The Lahore-bound Fokker F-27 crashed on July 10 minutes after taking off from Multan airport. The 41 passengers killed in one of the worst air crashes in the country’s history included two judges of the Lahore High Court, two brigadiers of the Pakistan Army and a vice-chancellor. Four crew members also perished.

An investigation was ordered into the crash which was supervised by the CAA. The report of the investigation has been submitted by the defence ministry to Prime Minister Shaukat Aziz, who will decide whether or not to declassify it.

So far the authorities have been jealously guarding it. The National Assembly was on Thursday informed by the parliamentary secretary for defence, Tanveer Hussain Syed, that some of the report’s “contents” made its unveiling difficult.

According to one of the sources, the pilot of the ill-fated aircraft could not handle the emergency situation and turn it back towards Multan airport. This means that there may have been some flaws in his training.

Before the plane’s take-off mistakes were committed by the airline’s engineering department which overlooked faults in the aircraft’s mechanical and electrical systems. The right engine of the aircraft was said to have developed a fault while taxiing prior to take-off. The aircraft got airborne with one engine, but the pilot failed to maintain its balance.

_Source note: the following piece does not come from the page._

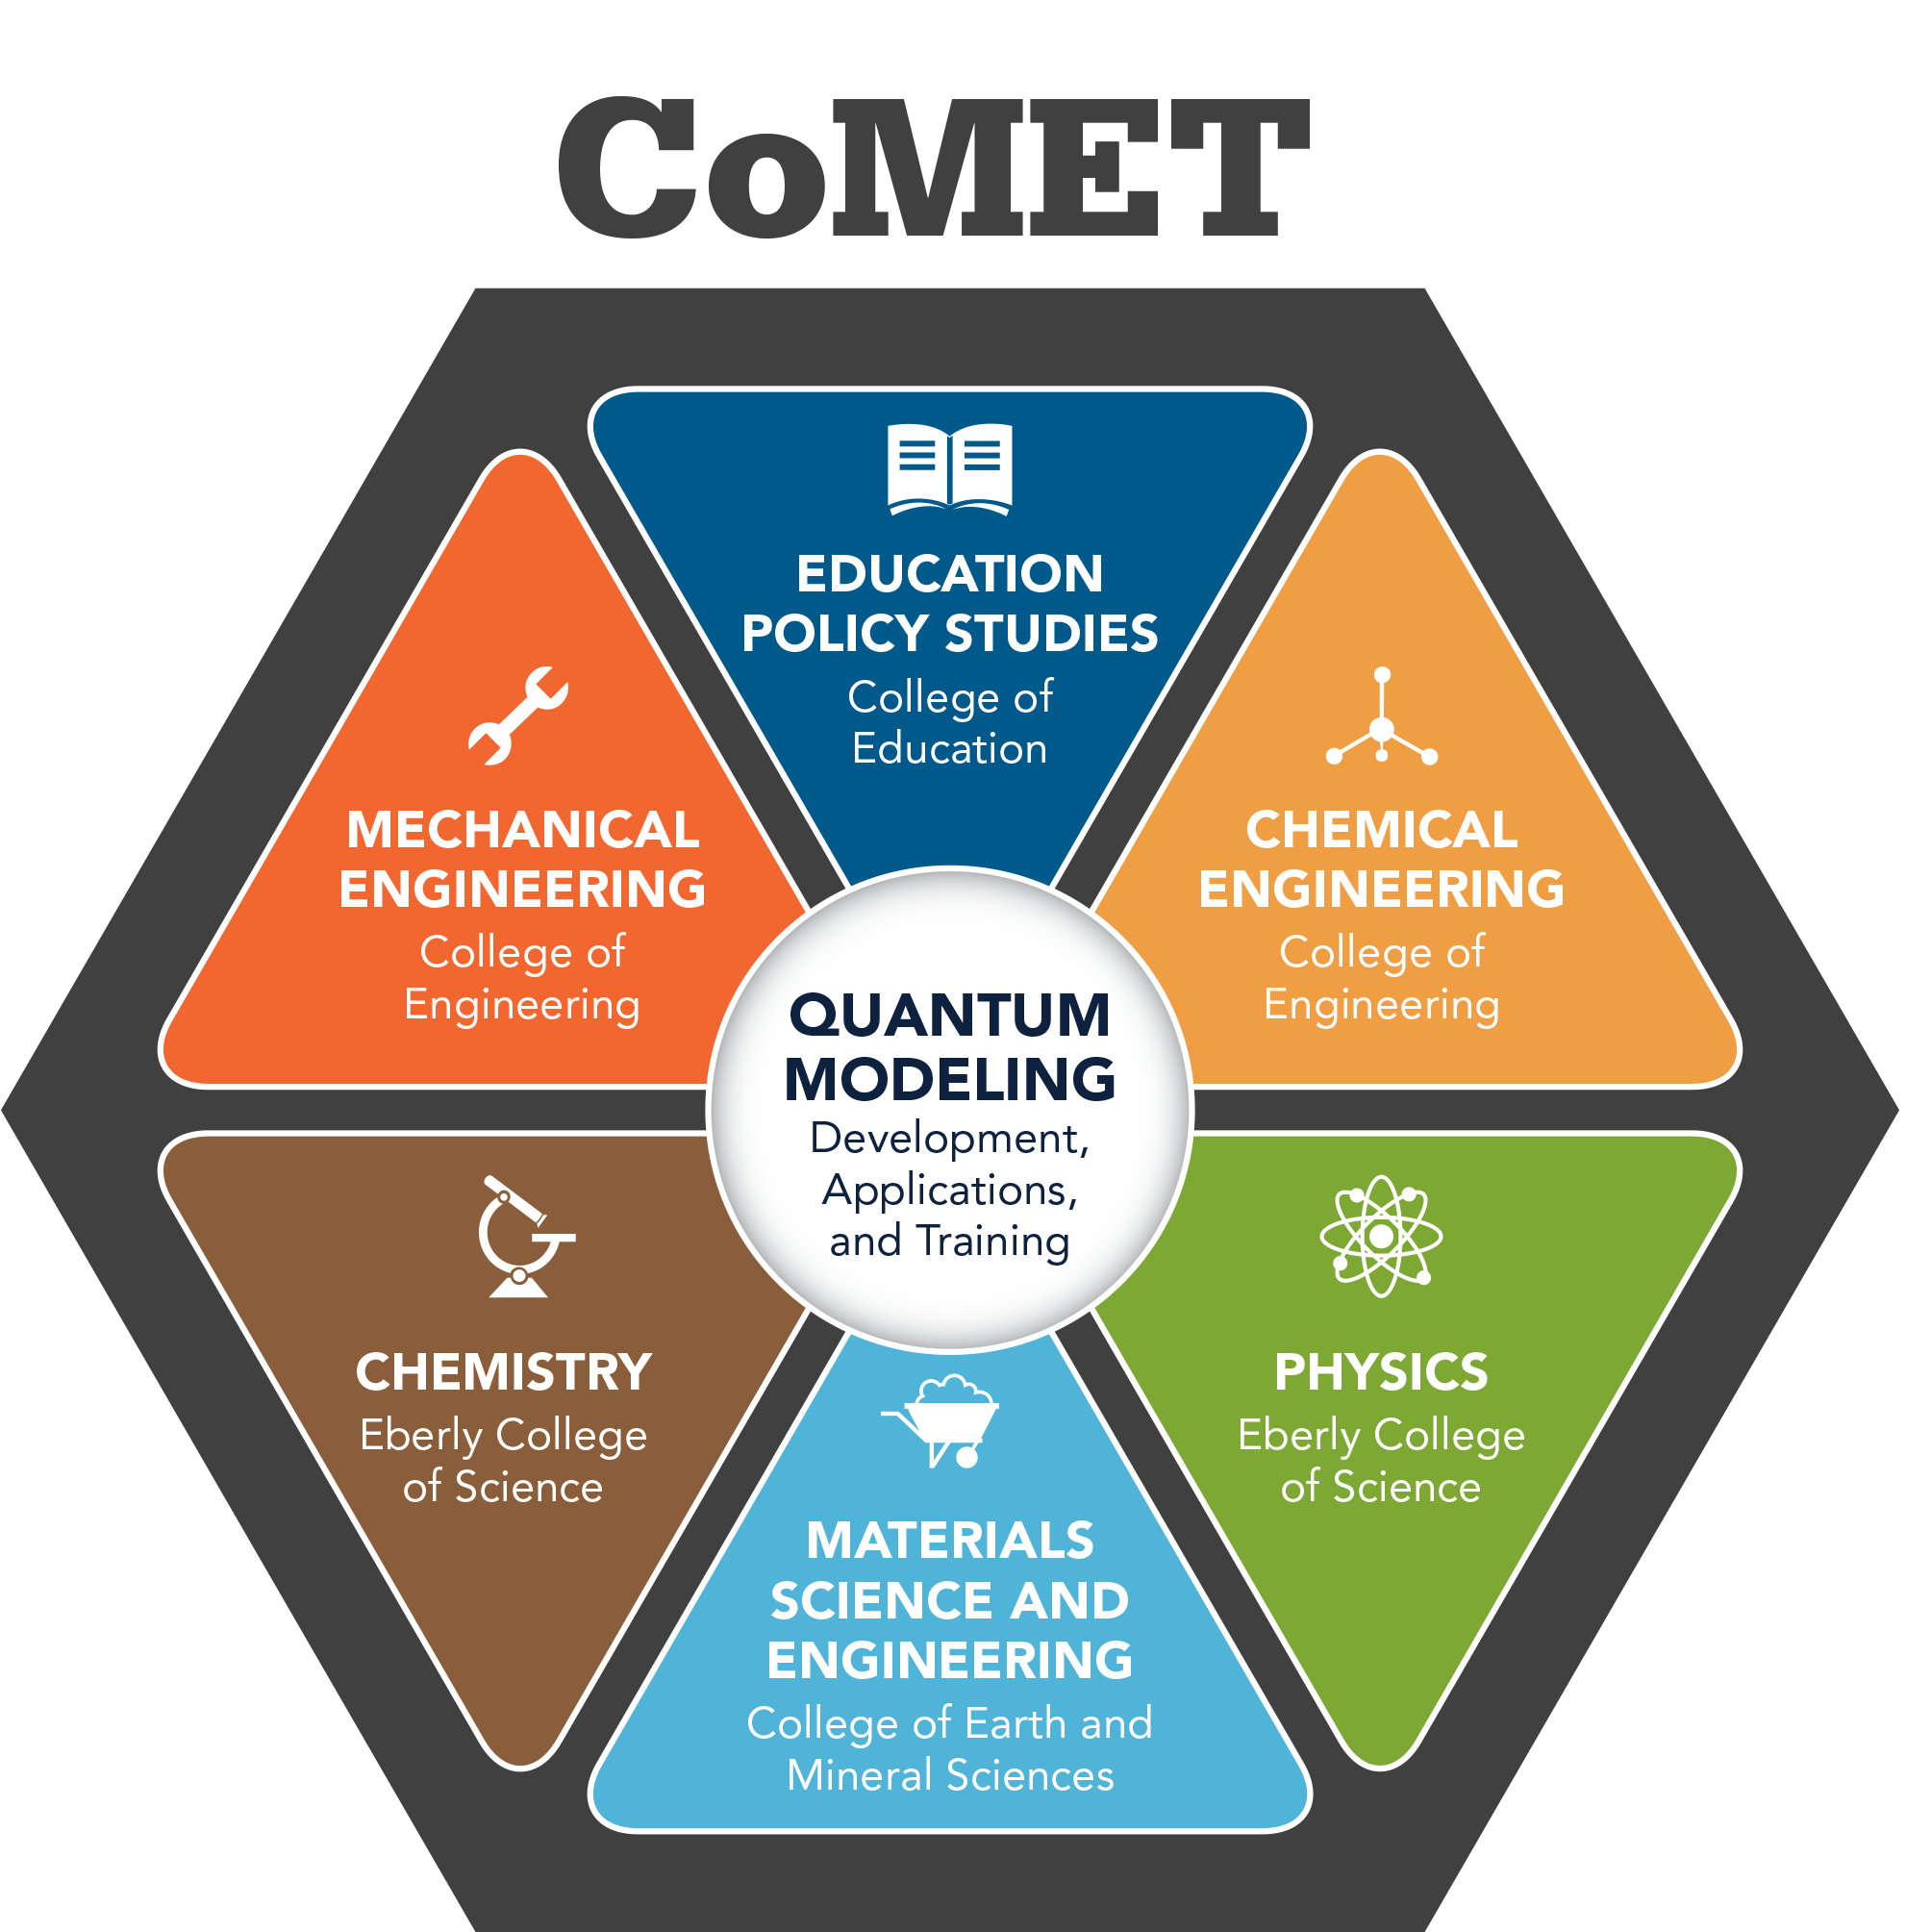 CoMET embraces students from a wide variety of STEM disciplines

However, the source kept mum over reports that the aircraft, after it had caught fire, could not be taken back to the airport because of faulty radars. Unfortunately, visibility was also very poor that day.

President of the Pakistan Airline Pilots’ Association, Capt Khalid Hamza, conceded that the crash occurred due to the pilot’s error. But he added that all possible reasons behind the crash should be explored in great detail.

Azfar-ul-Ashfaque adds from Karachi: The CAA has claimed that the crash was in no way connected to flight inspection or calibration of instruments at Multan airport.

On Thursday the parliamentary secretary for defence, Tanveer Syed, had told the National Assembly that some lapses had been detected in the calibration of instruments at Multan airport. Serious calibration faults had also been found at other airports, he claimed, adding that even a VIP aircraft could meet an accident in such a situation.

However, a CAA spokesman refuted this and said: “(The) CAA, as defined by the ICAO, is maintaining all navigational, communications, route, approach and visual aids on all its airports at an optimum.”